Based on some of China’s debt contracts (with Argentina, Ecuador, and Venezuela), the lender has the right to prevent the debtor from withdrawing the funds. In such a scenario, the debtor is prevented from undertaking any actions regarding their account and the agreement respectively.


There is also information about the Chinese lenders’ use of physical infrastructure, like a seaport or a power plant as collateral which is in contrast with China’s

media and political narrative.


Nevertheless, Chinese lenders are completely aware of the disadvantages of illiquid physical assets: the security pitfalls, any sale issues, and difficulties in keeping the agreement confidential, away from unfavourable media coverage and political controversy. As a result, they generally prefer collaterals to be in the form of bank accounts. Such accounts with contractual minimum balance requirements ensure them of accessing the cash to seize in the case of default.

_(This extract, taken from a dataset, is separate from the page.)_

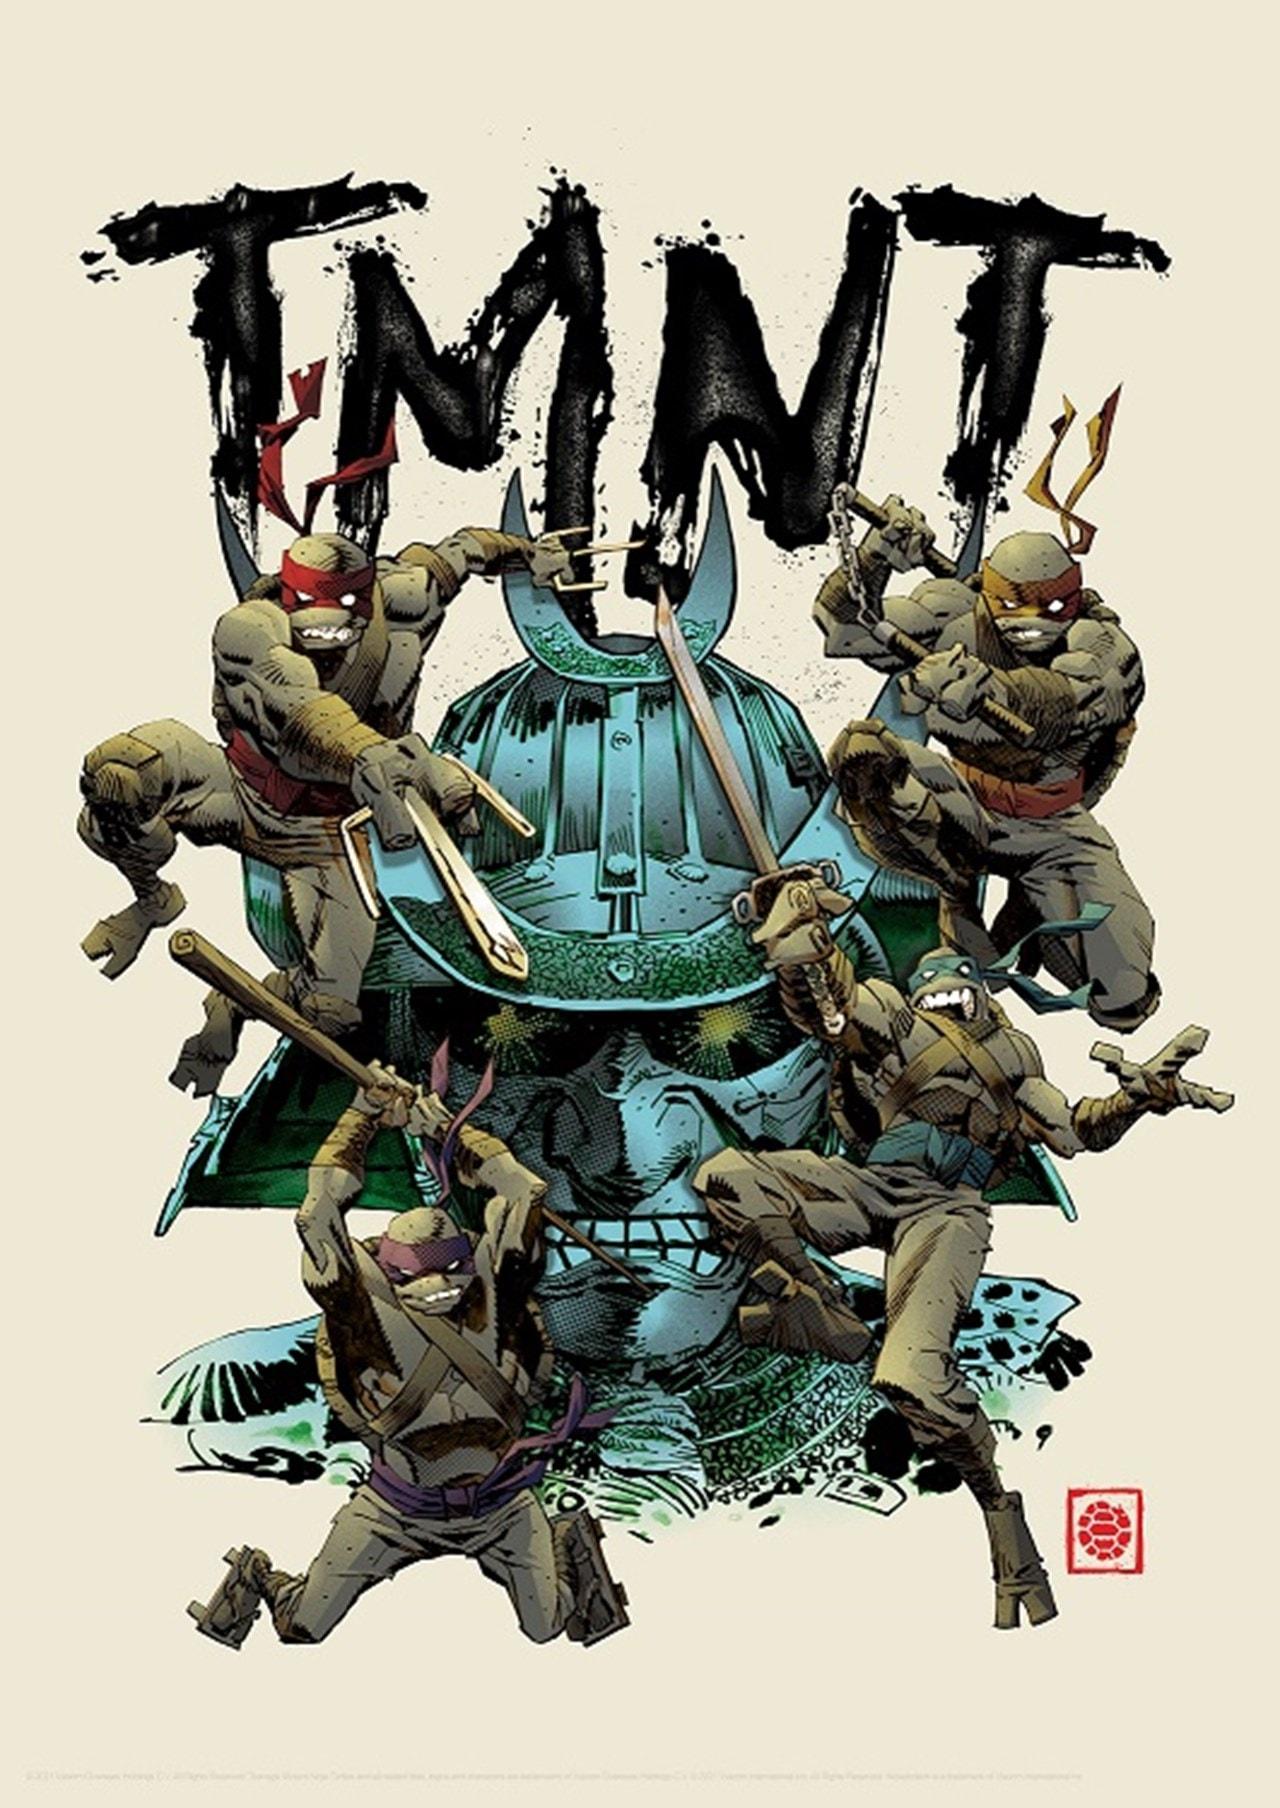 Teenage Mutant Ninja Turtles Limited Edition Art Print (hmv Exclusive) - 1

A reasonable number of China’s debt contracts exclude the debt from any ‘multilateral restructuring process’ and from ’comparable treatment’. Both of these terms target Paris Club and its provisions. As a result, the debtor’s contract with China cannot be compared with any other similar debt contracts that are in force. It mainly gives priority to Chinese debt refunds. Such a term might not be enforceable in court but combined with other seniority terms, it gives the Chinese lender a bargaining power according to the refund.


The ’No Paris Club' clause has gone even further in some contracts. Three China Development Bank (CDB) contracts with Argentina’s Ministry of Economy have a term as below:


’The Borrower shall under no circumstances bring or agree to submit the obligations under the Finance Documents to the Paris Club for restructuring or into any debt reduction plan of the IMF, the World Bank, any other multilateral international financial institution to which the State is a part of, or the Government of the PRC without the prior written consent of the Lender.’

Cancellation, acceleration, and stabilization clauses:


These clauses allow Chinese lenders to circumvent the target country’s policies.


There are many examples of China’s debt contracts where the lender has retained the right to cancel the loan and asks for immediate repayment based on a wide range of situations, including political and economic events, while such factors do not directly affect the lending relationship. On the other hand, once the contract is concluded, the debtor has only restricted rights to exit the contract. To be more precise, cross-default and cross-cancellation clauses are highly addressed in these contracts allowing the lenders to terminate their contract if a default or cancellation happens regarding other contracts of the debtor.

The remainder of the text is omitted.